Catch me if you Camm: Despite 2014 IMC ban, fake doctor practised with bogus credentials for over a decade

On March 9, 2018, during a question-and-answer session in the Lok Sabha, three Members of Parliament – Chandu Lal Sahu, Santosh Ahlawat, and Rajesh Kumar Diwaker – posed a question to the then Minister of State for Health and Family Welfare, Ashwini Kumar Choubey. Their question: “The total number of doctors found guilty of professional misconduct during the last ten years along with the action taken in this regard, State/UT-wise?”

Choubey listed several names. At the top of the list was Dr Narendra Vikramaditya Yadav, who had been banned from practicing for five years in 2014 by the Indian Medical Council for professional misconduct.

However, despite the suspension, Yadav didn’t just disappear from the medical scene. He allegedly continued to practice, perform surgeries, work in top hospitals, and draw hefty salaries, all under the alias of a renowned British cardiologist, Dr N John Camm. 

The Madhya Pradesh police arrested 53-year-old Yadav this week for allegedly performing surgeries at the Damoh’s Mission Hospital, leading to the death of seven patients. He is charged under sections of fraud, cheating, and forgery.
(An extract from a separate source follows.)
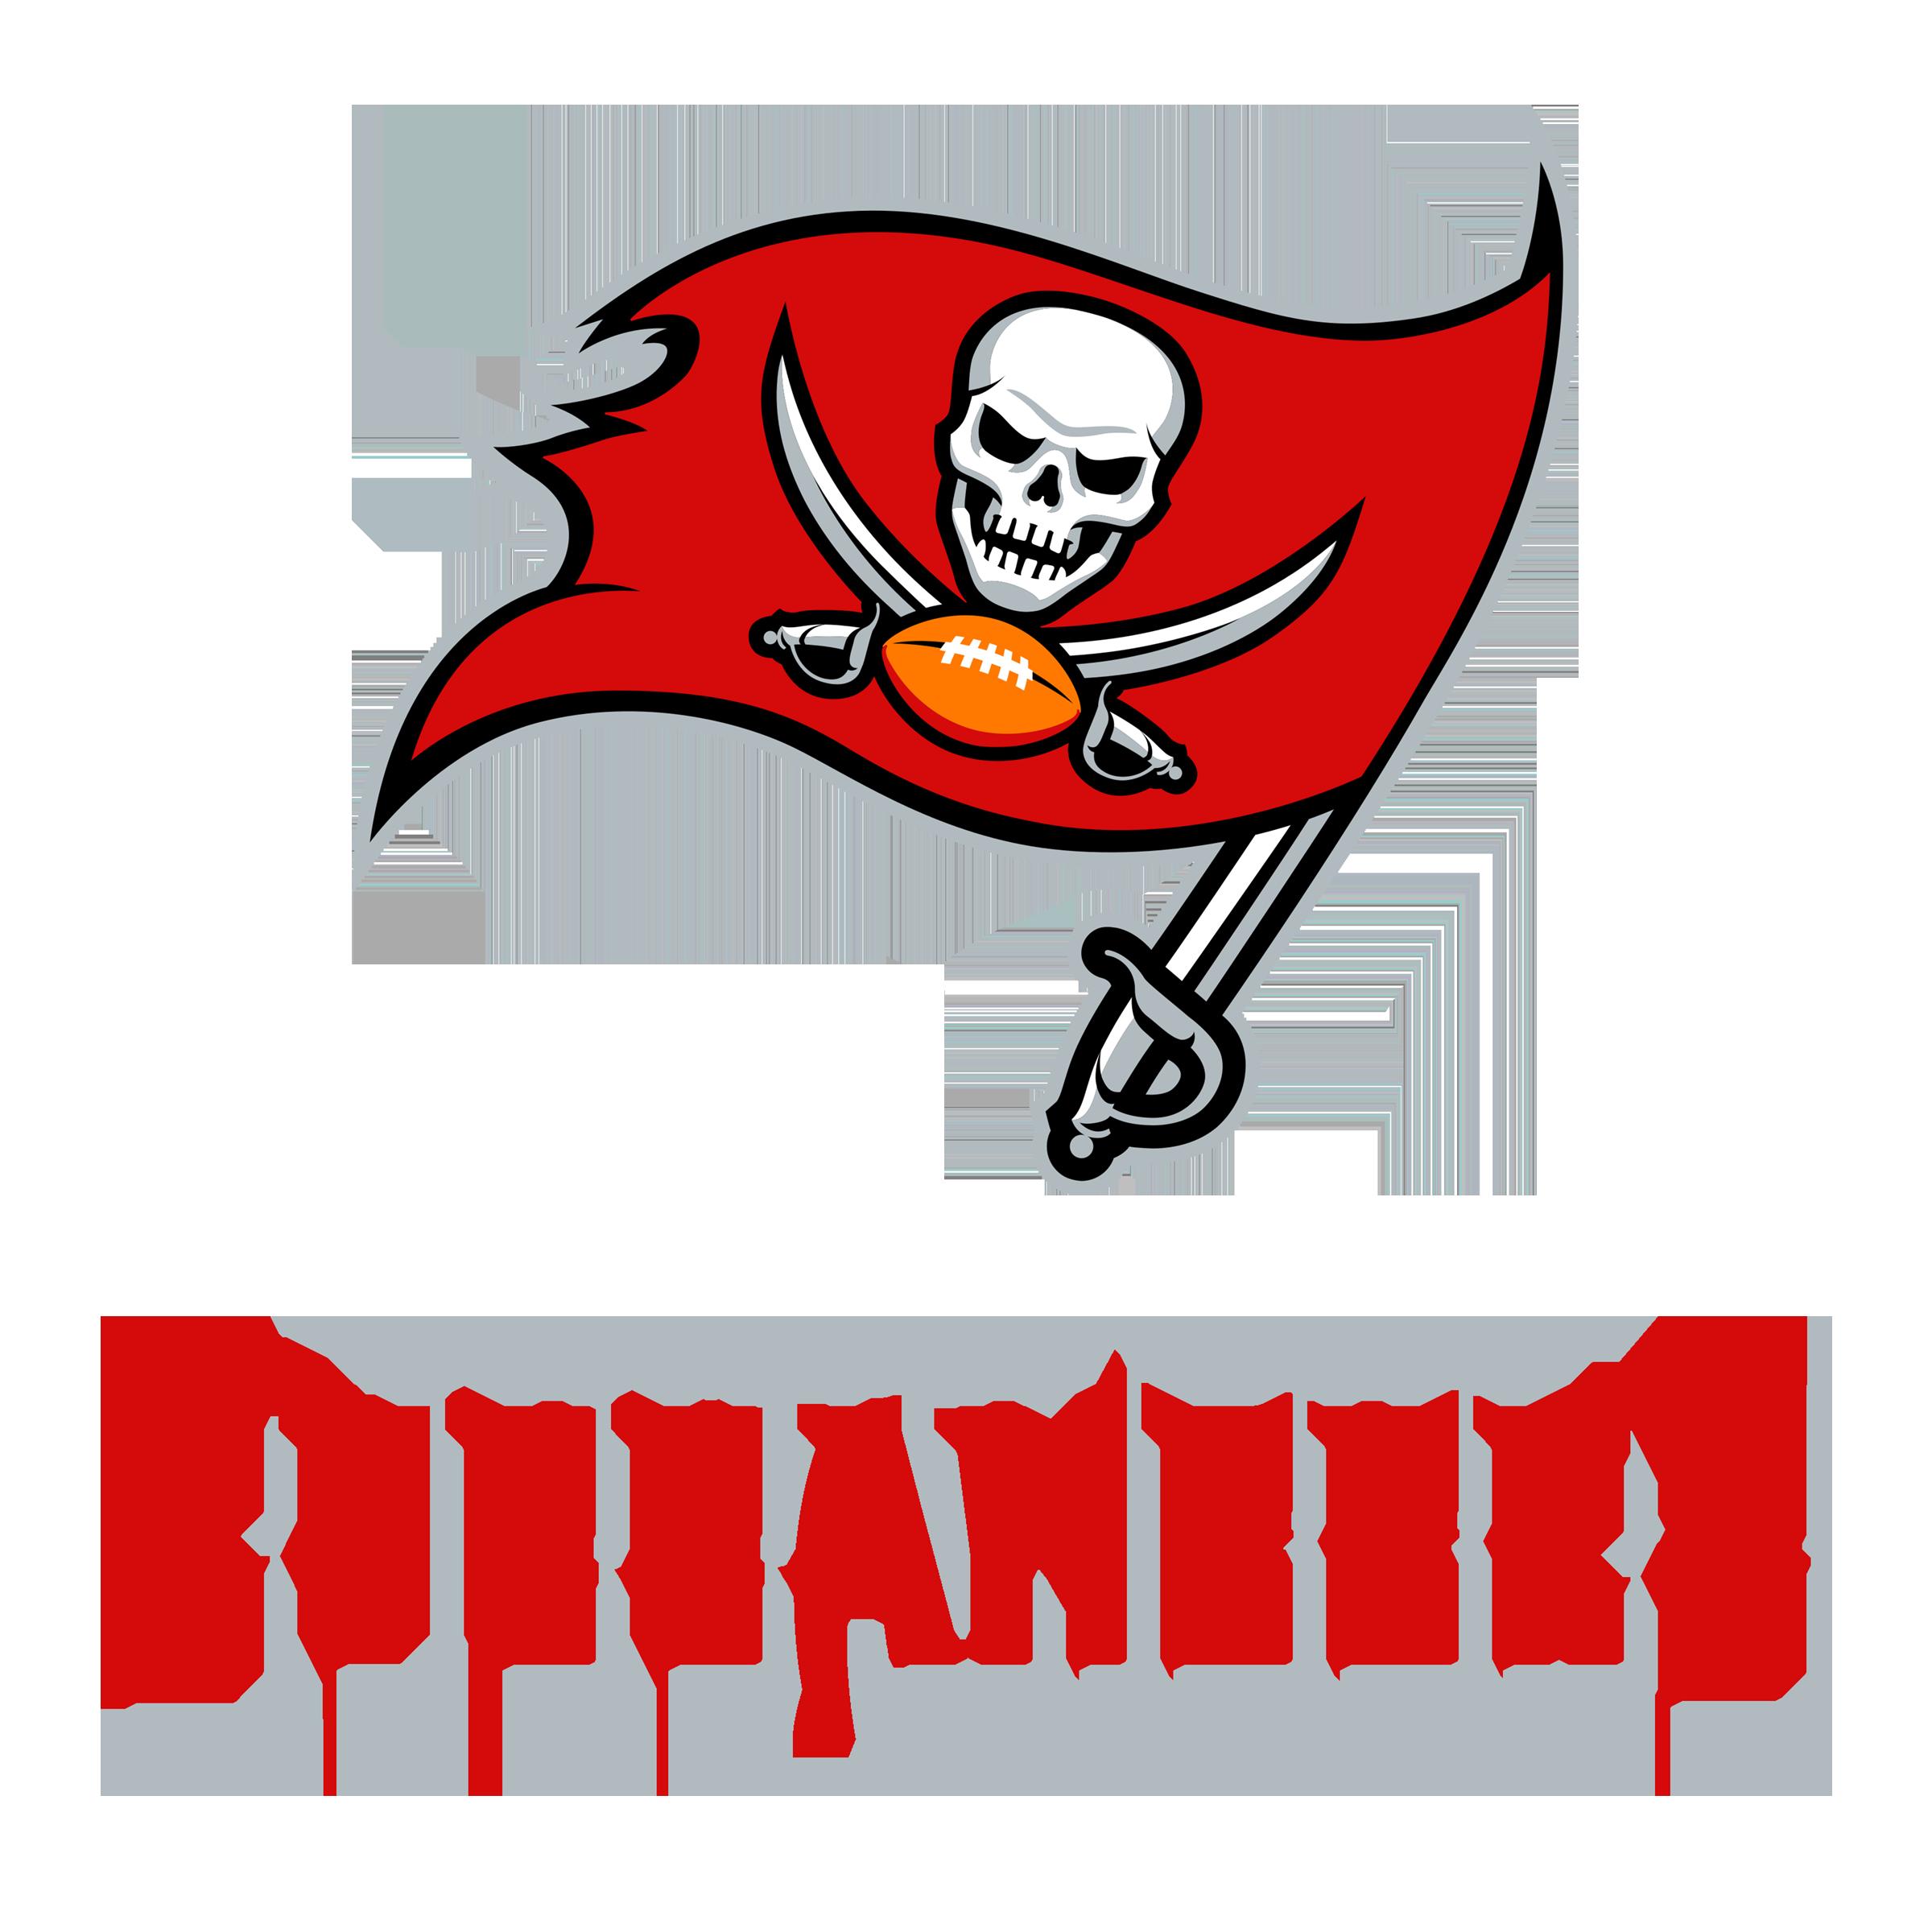 Tampa Bay Buccaneers Flag Logo Png 2 400 2 400 Pixels Tampa Bay Buccaneers Tampa Bay Buccaneers Logo Tampa Bay Bucs

Satish Tapasya, the assistant district prosecution officer of Damoh, said, “The doctor was arrested from a flat in Prayagraj on Monday where he used to live alone. All his educational certificates are going to be checked. Police teams will be sent to the respective universities to check the credibility of his degrees.”

Arrest after patient’s kin complaint

Yadav’s arrest comes after Krishna Patel, the grandson of a patient who sought treatment from him at Damoh Mission Hospital, raised suspicion of the accused’s misconduct with the Damoh district collector Sudhir Kumar Kochar and the chief medical and health officer Dr MK Jain in February.          

“After performing an angiography on my grandfather, he told us that he had multiple blockages and needed open-heart surgery at a big hospital in a metro city. I agreed to his advice, but when I asked for the angiography reports and DVDs and requested him to explain the details of the blockages, he bluntly refused to give them to us, claiming it was an emergency case,” Patel told Newslaundry.

After a heated discussion with the hospital administration, Patel was assured he would get the reports later and his grandfather was discharged. After neither receiving the reports from the hospital nor any response from Yadav and his staff, Patel took his grandfather for another angiography, which revealed not many blockages. “My grandfather didn’t need open-heart surgery. He was successfully treated with a simple stent,” he said. 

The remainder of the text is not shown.